> Task directions:
Give back an exact copy of the lines in the records below, from the line that has "Pin On Football Club National Team Logos" through the line that has "Spreading the boiled", and nothing besides.

> Supplied records:
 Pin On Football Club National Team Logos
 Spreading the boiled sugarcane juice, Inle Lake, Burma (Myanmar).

* * *

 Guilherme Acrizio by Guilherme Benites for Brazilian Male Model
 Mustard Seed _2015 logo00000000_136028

--

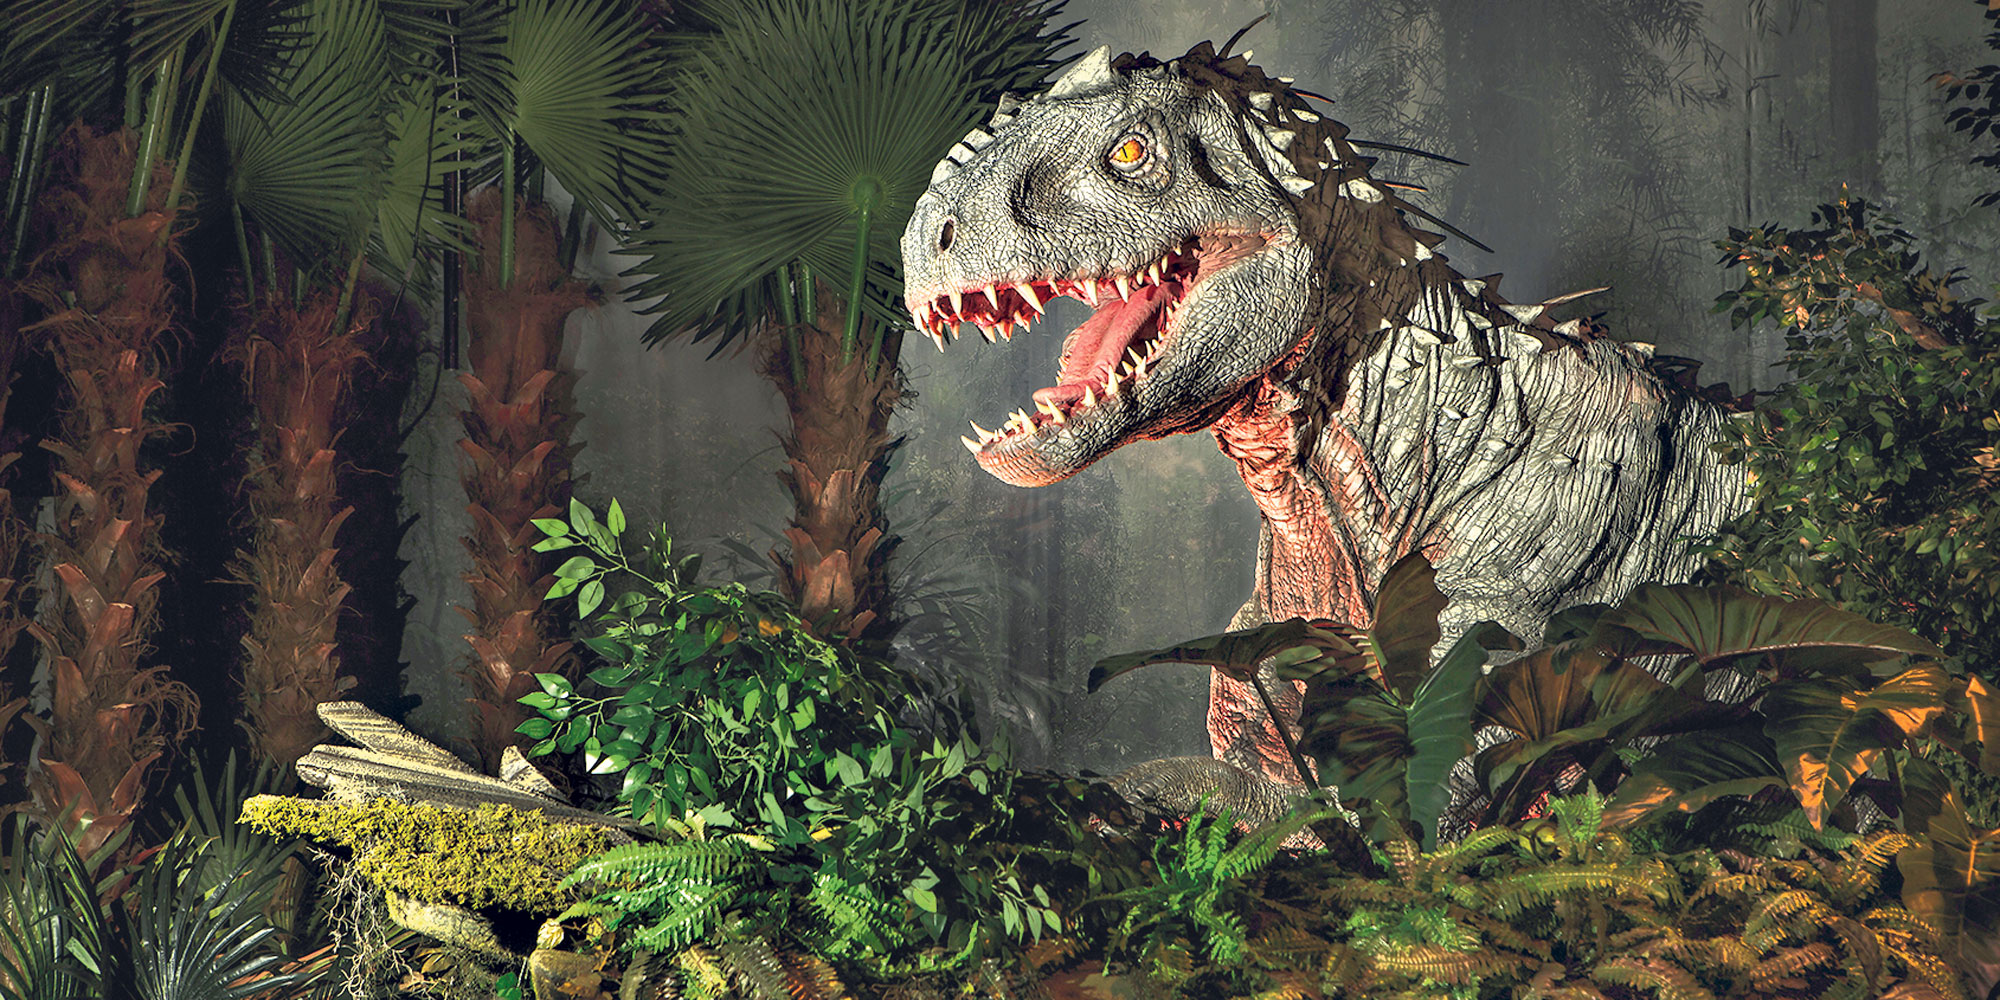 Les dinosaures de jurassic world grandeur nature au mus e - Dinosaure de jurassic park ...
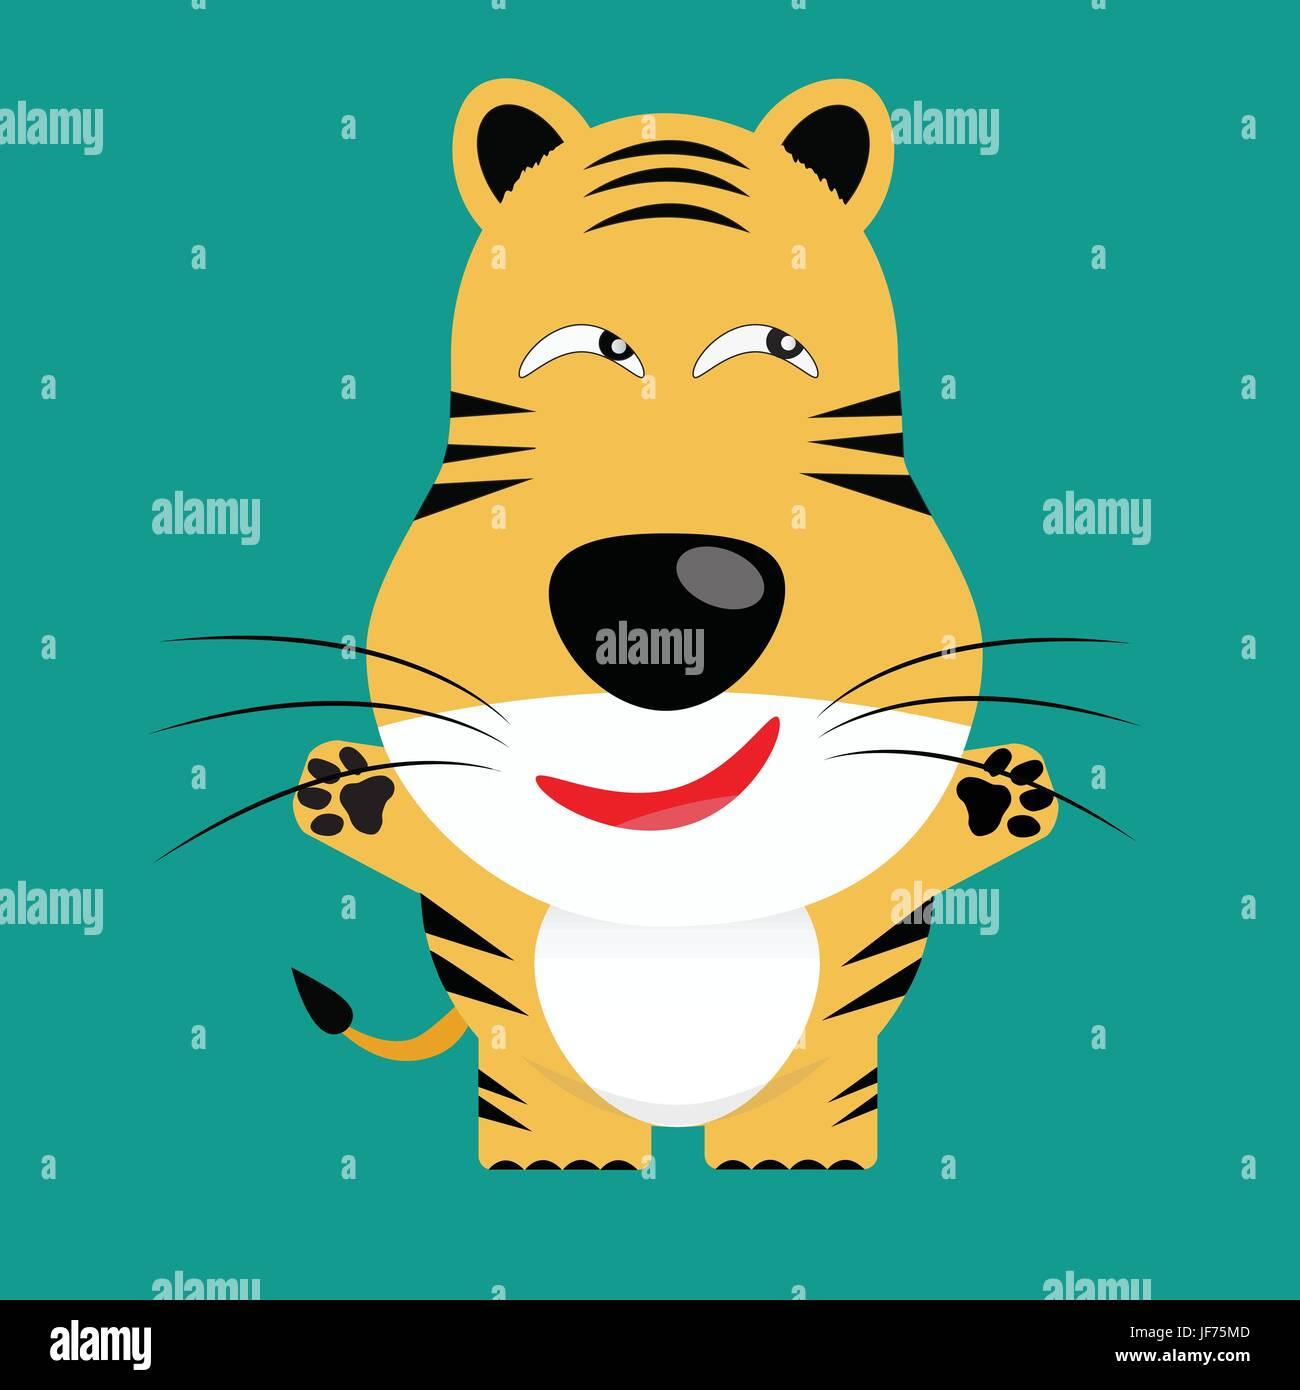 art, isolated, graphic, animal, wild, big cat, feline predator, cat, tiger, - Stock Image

> Solved problem:
 Pin On Football Club National Team Logos
 Spreading the boiled sugarcane juice, Inle Lake, Burma (Myanmar).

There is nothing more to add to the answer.